Ideation & Moodboarding
I created thematic moodboards to visualize tone and pacing. My levels leaned into the mystic and ethereal, inspired by themes of corruption, forgotten rituals, and the elemental wilds.

Blockout & Greyboxing
I focused on readable traversal and encounter density, prioritizing how players would move through and react to each environment. Even with a stripped-down artstyle, the levels communicate flow and function clearly.
Combat & Progression Integration
I developed a full loop involving resource gathering, enemy encounters, and optional side objectives to test how story and challenge can coexist in small modular environments.
Gameplay Highlights
- Two complete dungeons, each built around a unique theme and traversal mechanic
- Functional questlines with branching triggers and NPC states
- Two enemy archetypes with distinct combat behavior
- Playable archer class with stamina-driven dodge and timing-based attacks
- Functional minimap and encounter indicators (blockout-level fidelity)

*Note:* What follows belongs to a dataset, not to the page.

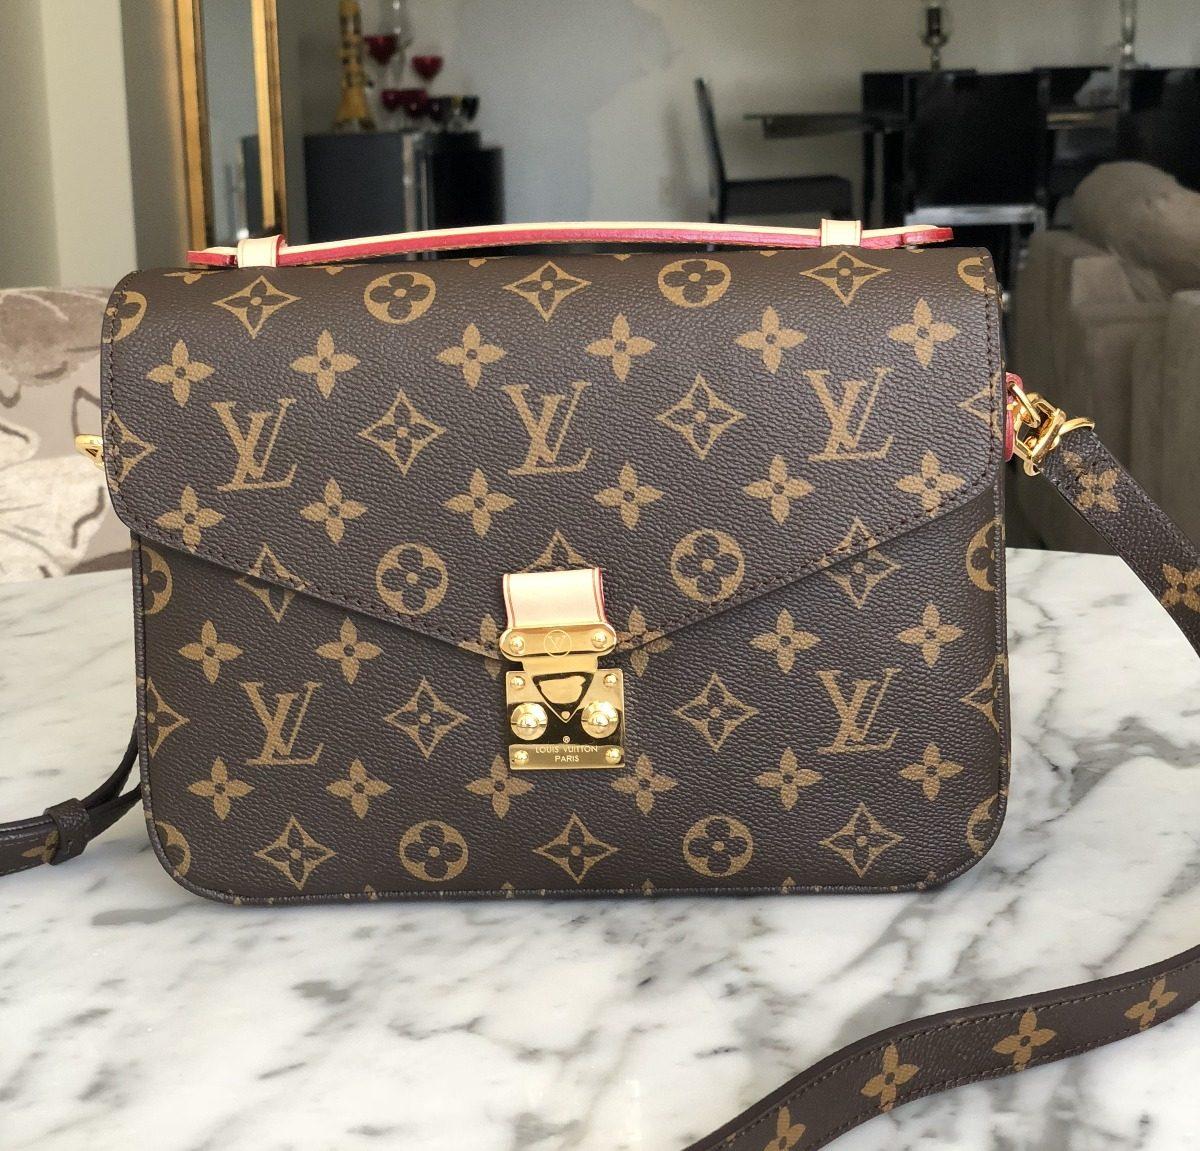 470135fc468 Bolsa Louis Vuitton Pochette Metis Original Fotos Reais - R  1.899 ...

Visual Design: Functional Minimalism
Instead of spending development time on VFX, polish, or shaders, I focused on blockout visuals that communicated core functionality. Every element, from walls to floor decals, served the prototype’s goals: clarity, testability, and iteration.
Outcomes & Reflection
This project was driven entirely by passion, for level design, system interplay, and the world Albion presents. While developed independently and purely as anon-commercial prototype, Noibla Offline gave me the space to:
- Apply adaptive design thinking in a live combat loop
- Test how narrative beats can live within procedural-like layouts
- Explore pacing, encounter flow, and player-driven exploration
- Push my skills in prototyping under real-time constraints
The layouts aren’t final, nor are the systems polished, but the experiment provided incredible insight into what makes dungeon design sticky, emotional,and memorable.